Lazy, forgetful drivers are as bad as distracted drivers

Signal lights, and other safety equipment, are there for a reason.

I’m not sure what the root of the problem is, whether it be forgetfulness, laziness or something else entirely, but the flicking on and off of a vehicle’s signal light is probably one of the easiest parts of operating a motor vehicle — but not for some.

More and more irresponsible drivers seem to be lacking the ability and knowledge of how that little switch works.

For myself, it’s a personal pet peeve because it truly is annoying and comes off as arrogant laziness.

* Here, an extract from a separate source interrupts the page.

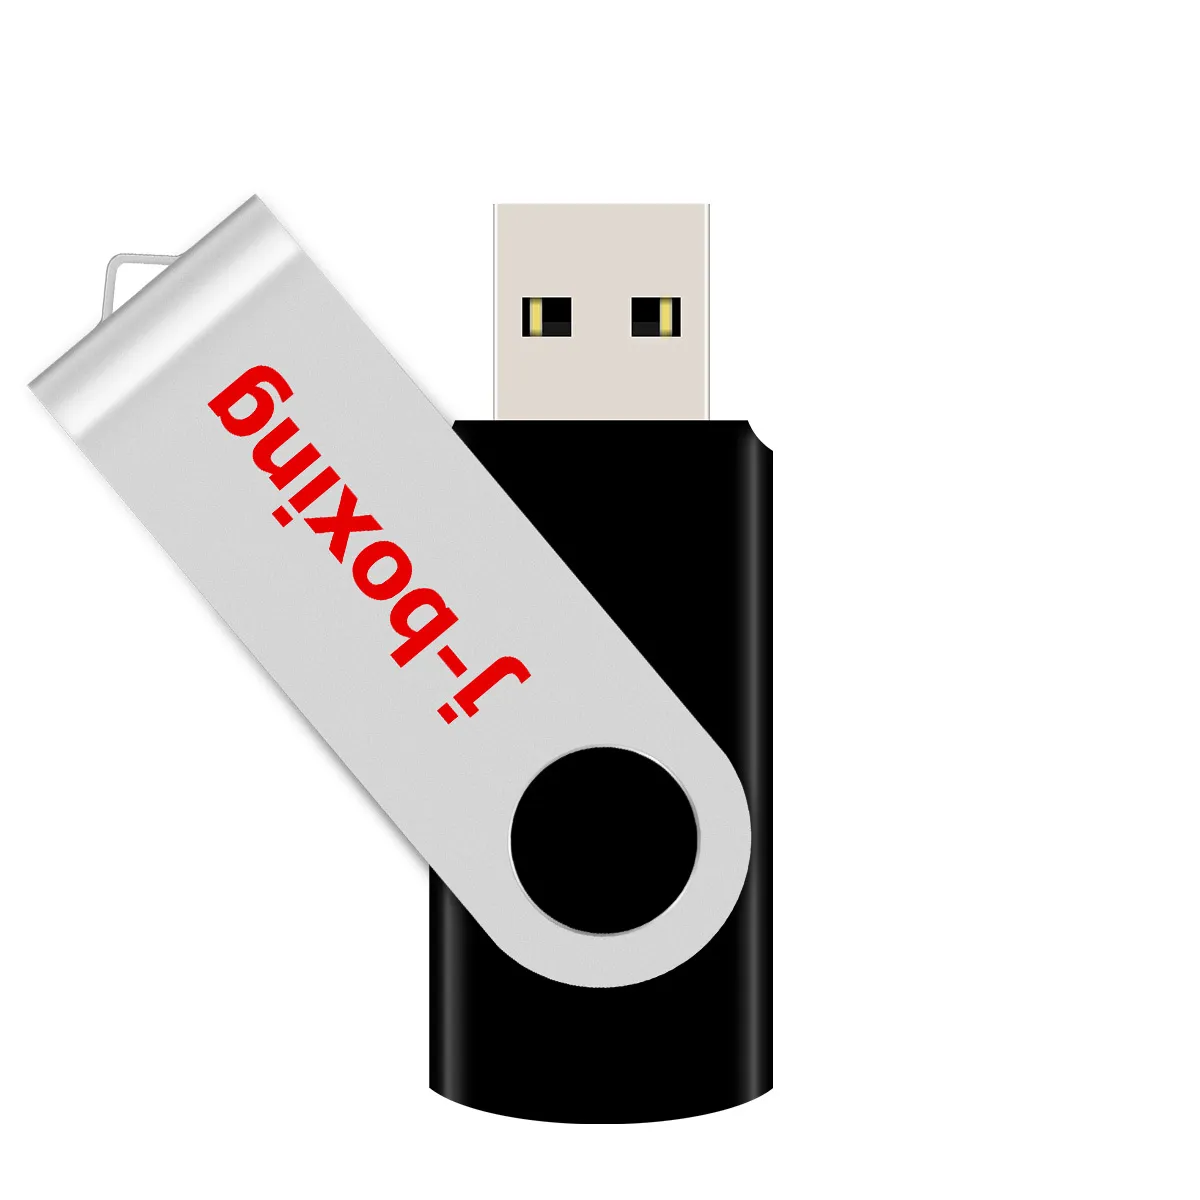 USB KEY VW 32GB file system FAT32, NTFS ideal for offer

Honestly, I’m truly baffled. Is it simply bad habits? Or, as the people of the world get more and more wrapped up in themselves, do people really have that little consideration for those they share road with.

One simple mistake — and if you’re just choosing not to signal it’s not even a mistake — and end your life or somebody else’s.

But signal lights are put on vehicles for a reason, to let others drivers and even pedestrians know of your intentions.

I feel like I’m stating the obvious but some drivers just don’t seem to be getting it: not using them is dangerous.

Many, including the Society of Automotive Engineers (SAE) claim neglecting to use signal lights has become equal to, if not more dangerous, than distracted driving; causing millions of accidents each year.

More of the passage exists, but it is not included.